Data block:
········
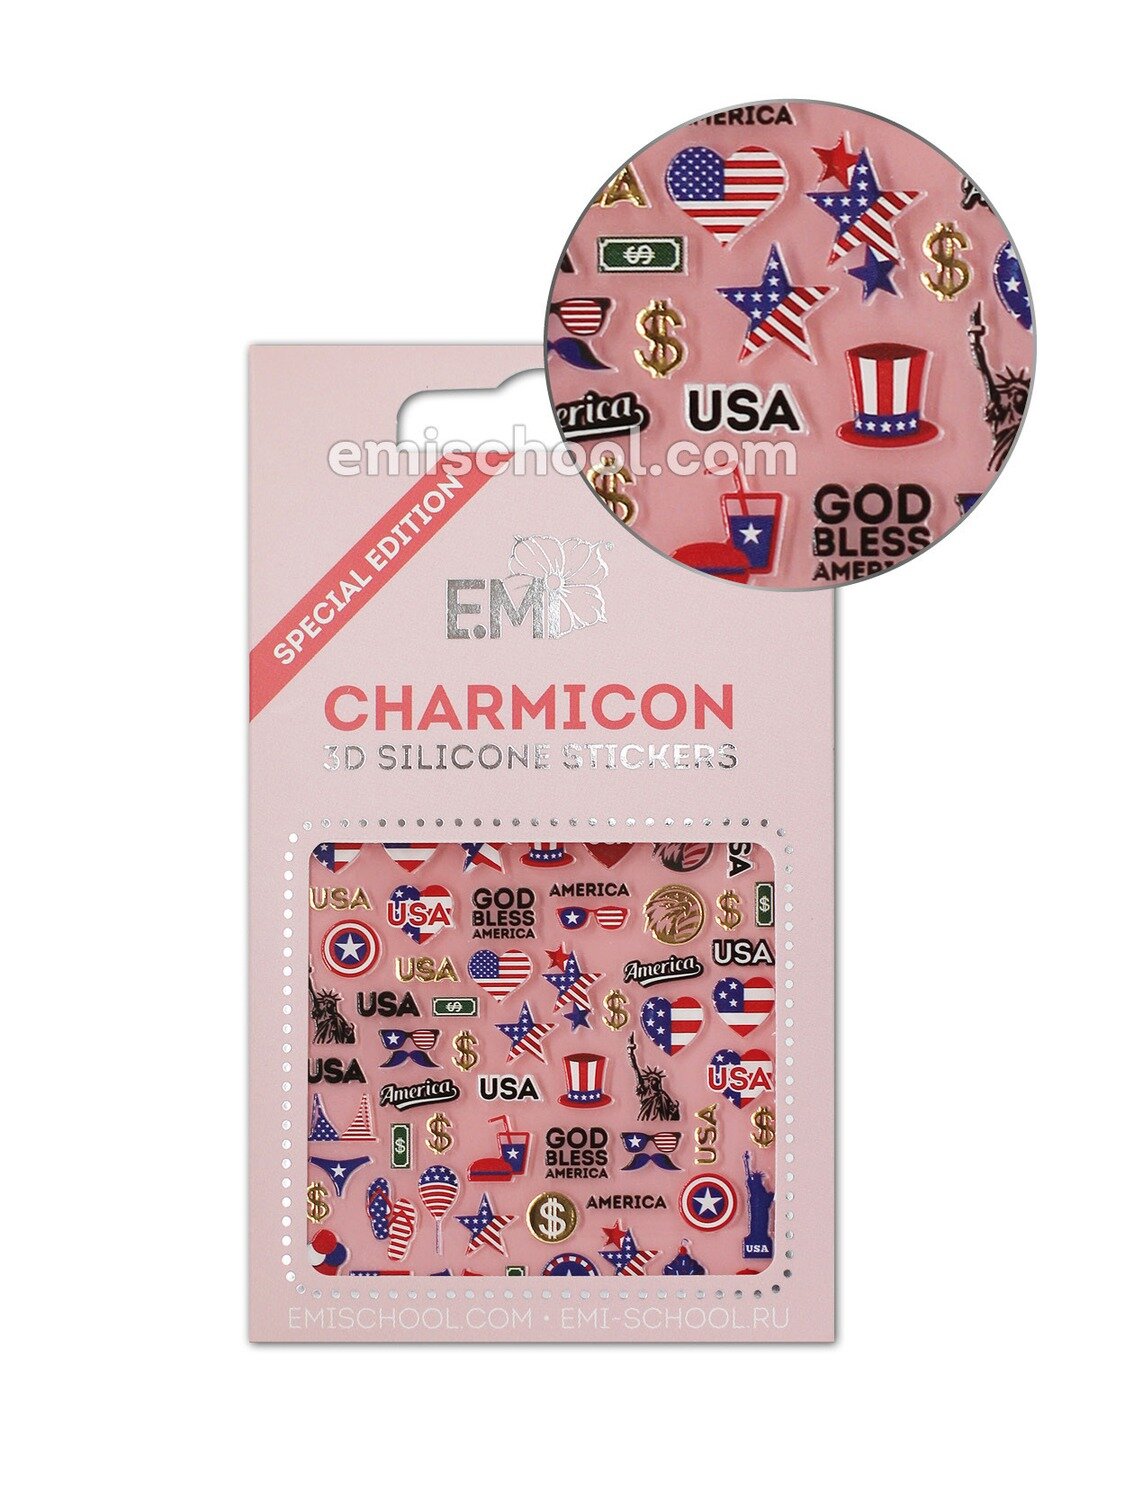 Charmicon 3D Silicone Stickers USA
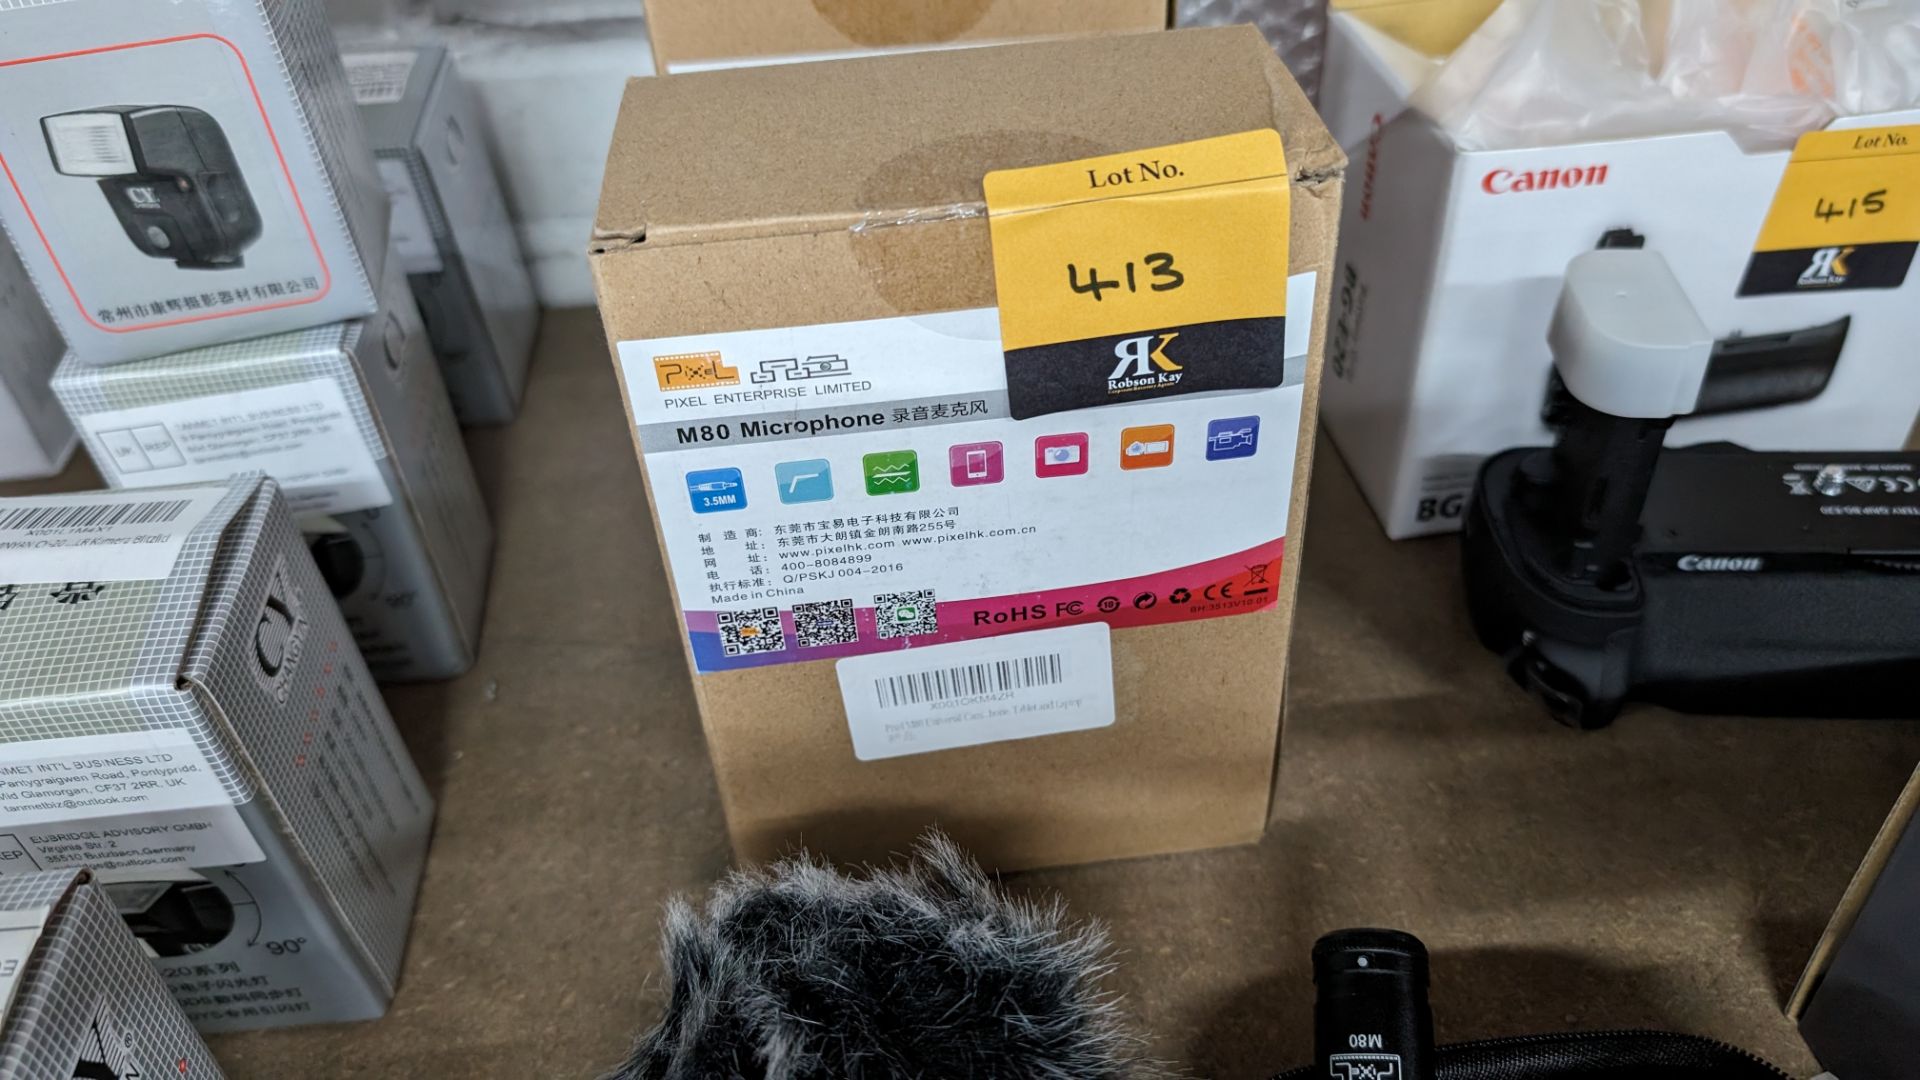 2 off Pixel Enterprise model M80 microphone kits - Image 9 of 16
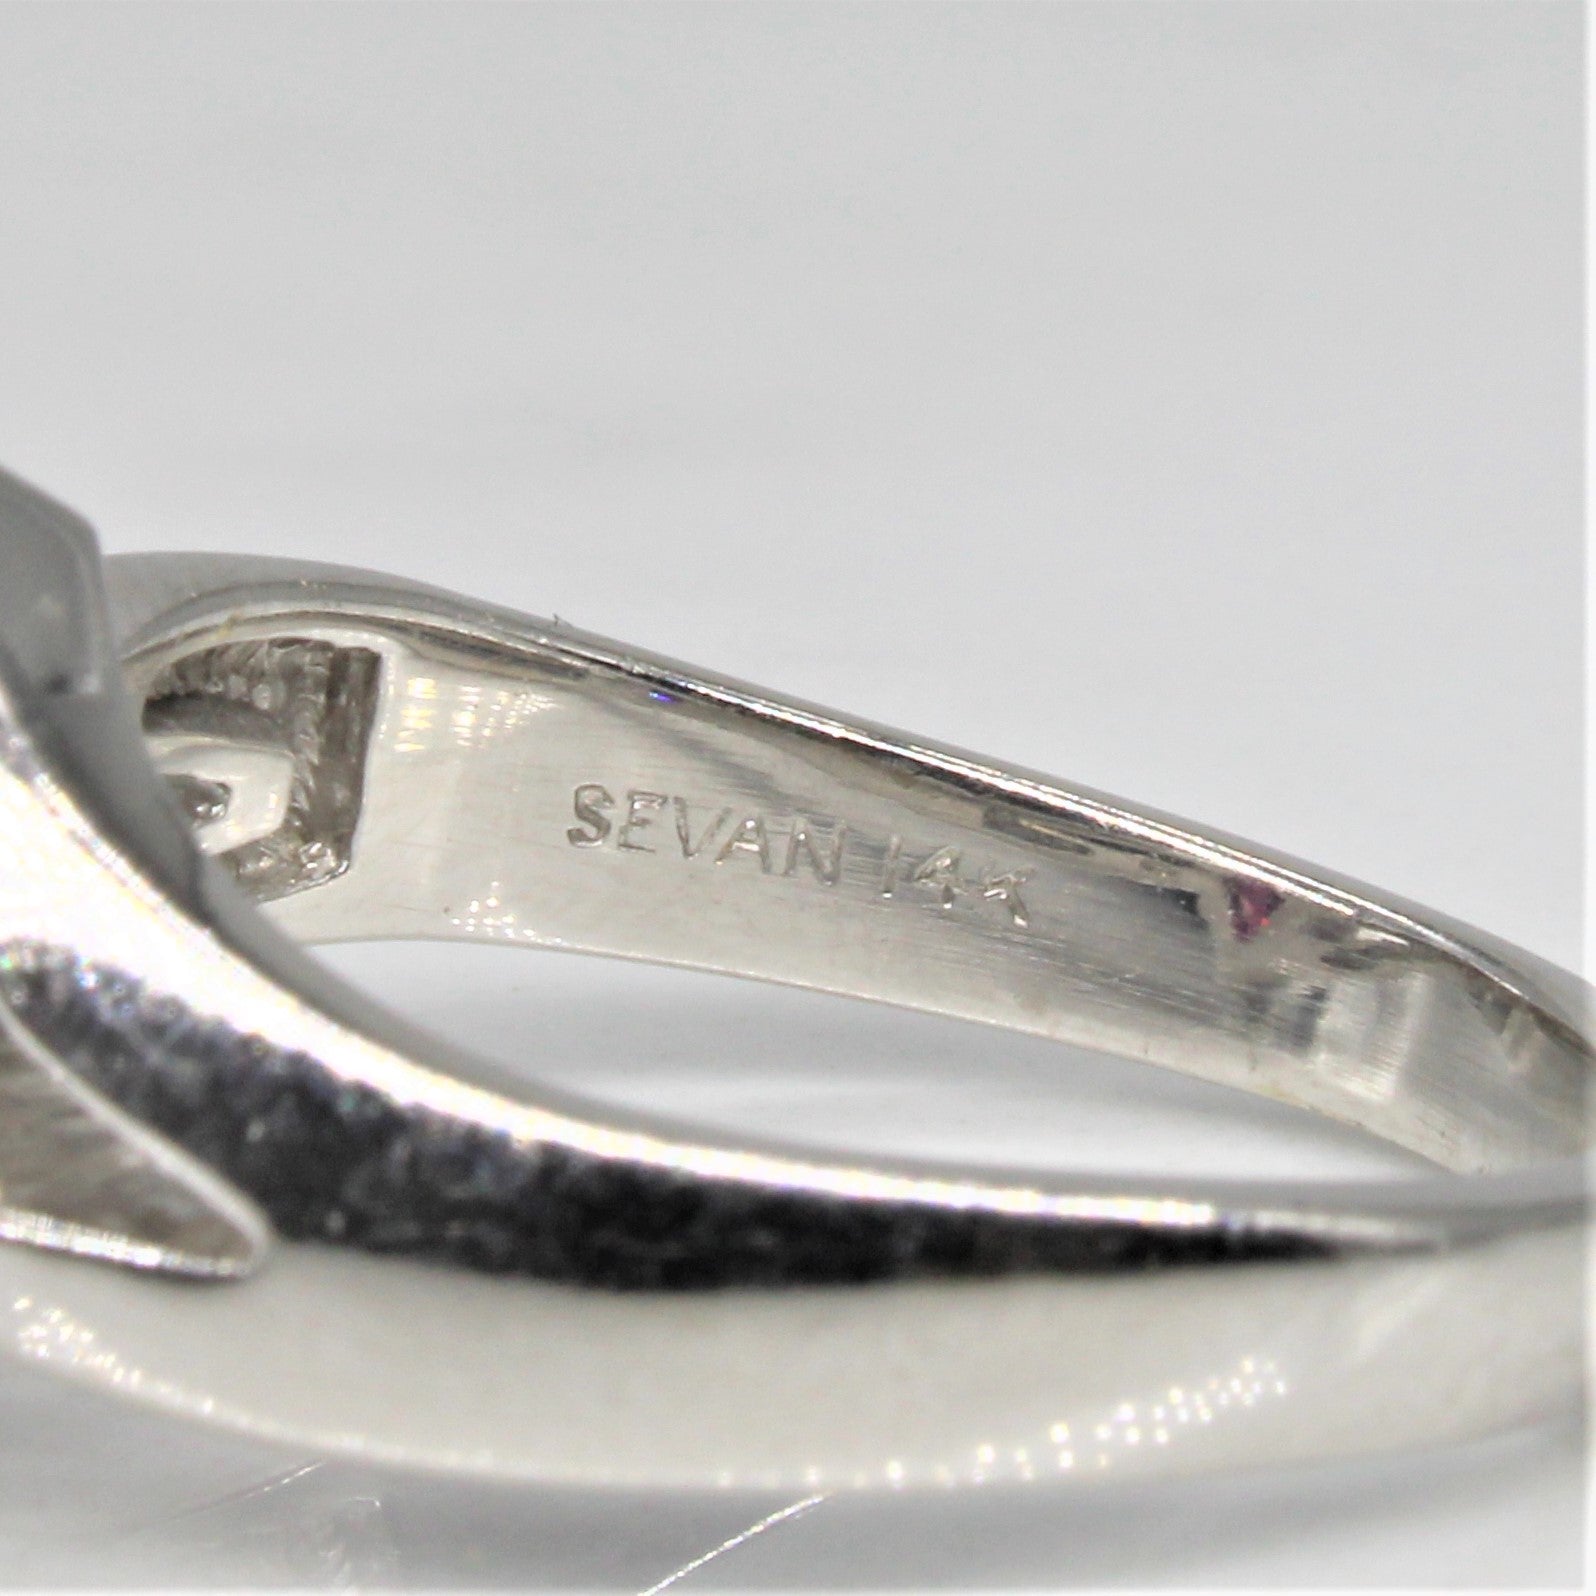 Marquise Garnet & Diamond Ring | 1.85ct, 0.08ctw | SZ 8.25 |
········
Problem statement: Would you retype the listing above exactly, omitting its pictures?

Solved exercise:
 Charmicon 3D Silicone Stickers USA
 2 off Pixel Enterprise model M80 microphone kits - Image 9 of 16
 Marquise Garnet & Diamond Ring | 1.85ct, 0.08ctw | SZ 8.25 |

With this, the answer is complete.